What is Linux Container: 
Linux containers have different approach than the Virtualization technology. Simply we can say this is OS level Virtualization, which means all containers run on top of one linux operating system. We can start containers on a hardware running machine or inside of running virtual machine. Each container run's as a fully isolated operating sysem.

In container virtualization rather than having an entire Operating System guest OS, containers isolate the guest but do not virtualize the hardware. For running containers one needs a patched kernel and user tools, the kernel provides process isolation and performs resource management. Thus all containers are running under the same kernel but they still have their own file system, processes, memory etc.

Linux based containers mainly involved with two concepts:

1. Namespaces
2. Cgroups ( Controll Groups)

There are total 6 types of Namespaces:
1. PID Name space.
2. Net Name space.
3. Ipc Name space
4. Mnt Name space
5. Uts Name space
6. User Name space.


Cgroups are already well known technology. We can find more detail about Cgroups here

There is an another important aspect of containers “Copy on write file system” This is also a well known technology in market:

Docker Architecture:

1. Docker Daemon
docker daemon is responsible for all the conainer operations. It runs on the docker host machine. We can't interact with this directly, all the instructions have to be sent through the docker.

2. Docker Client: It is the main interface to connect wit docker daemon. It can be install on the same machine or on the different machine.

3. Docker image: A Docker image is like a golden template. An image consists of OS (Ubuntu, centos etc.,) and applications installed on it.

4. Docker registry: That is a repository for docker images. It can be public or private. Public repository are maintained by docker is called docker hub. Users can upload and download images from there.

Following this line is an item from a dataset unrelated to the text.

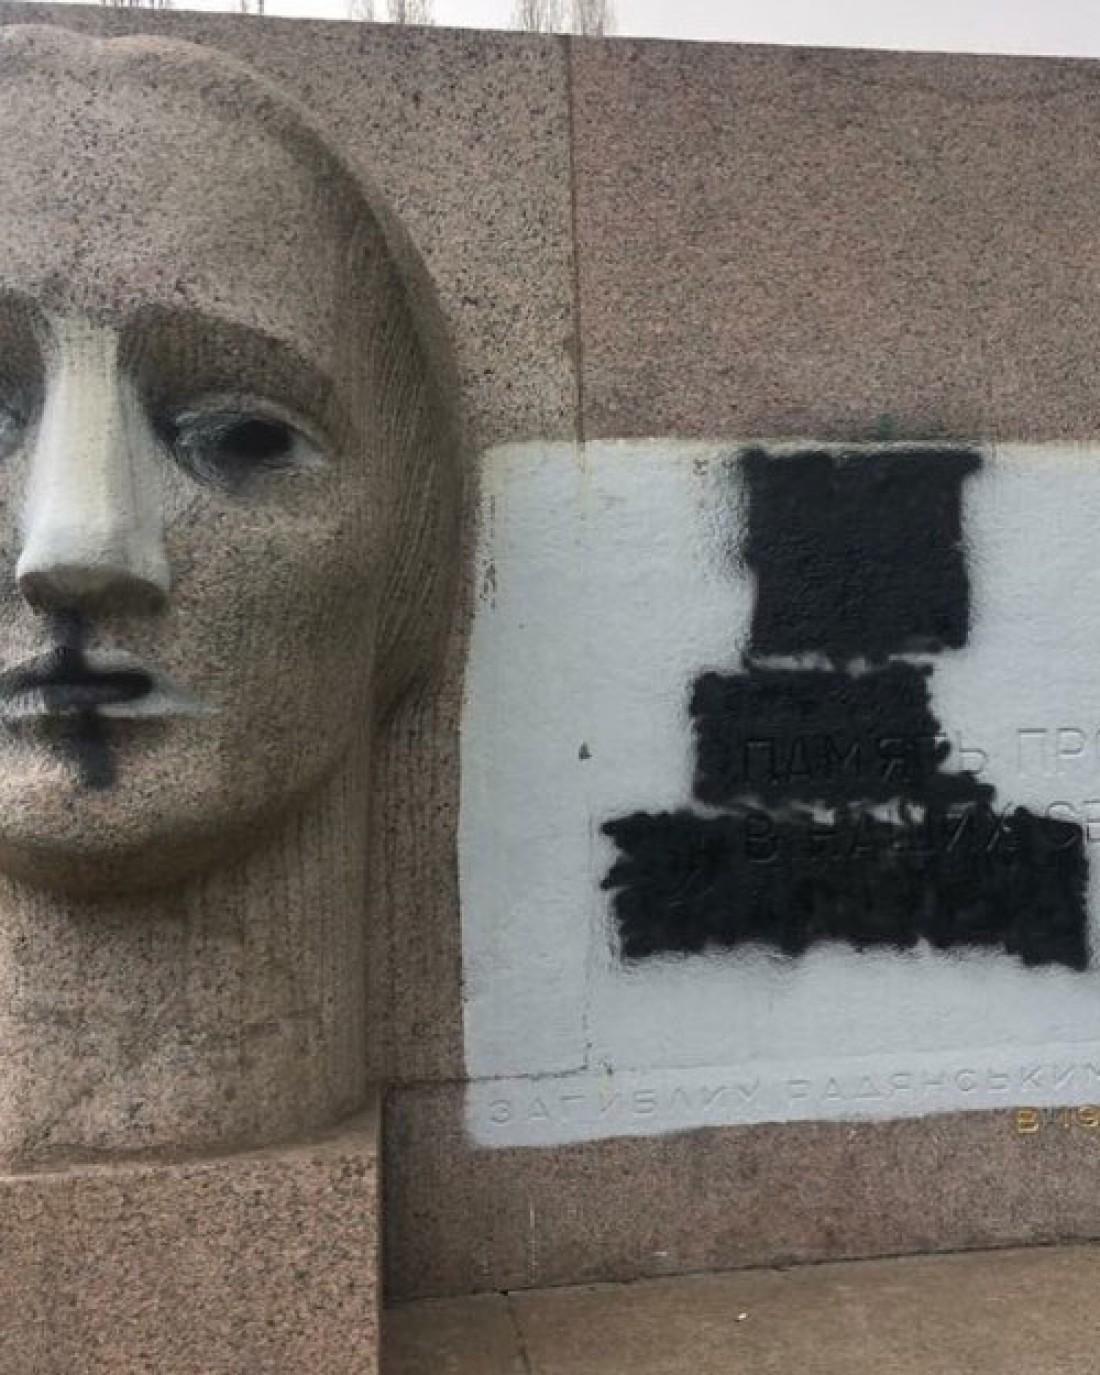 Надписи уже закрасили черной краской

5. Docker Container: It is created on top of a docker image and it is completely isolated. Each container has it's own user space, Networking, and security settings associated with it.


INSTALLATION OF DOCKER

Docker can be installed on CentOS 7 without activating extra repository. Only we need to update the system:

# yum update -y

# yum install docker docker-registry

# systemctl start docker

# systemctl enable docker

# systemctl status docker


Now we can launch the container using following command:

# docker run ubuntu:14.04 /bin/echo ‘Welcome to the Container world’


1. docker run ==> is the command to run a container

2. ubuntu:14.04 ==> This is the image name. First it will find the image locally, if this is not there then pull it from docker hub account.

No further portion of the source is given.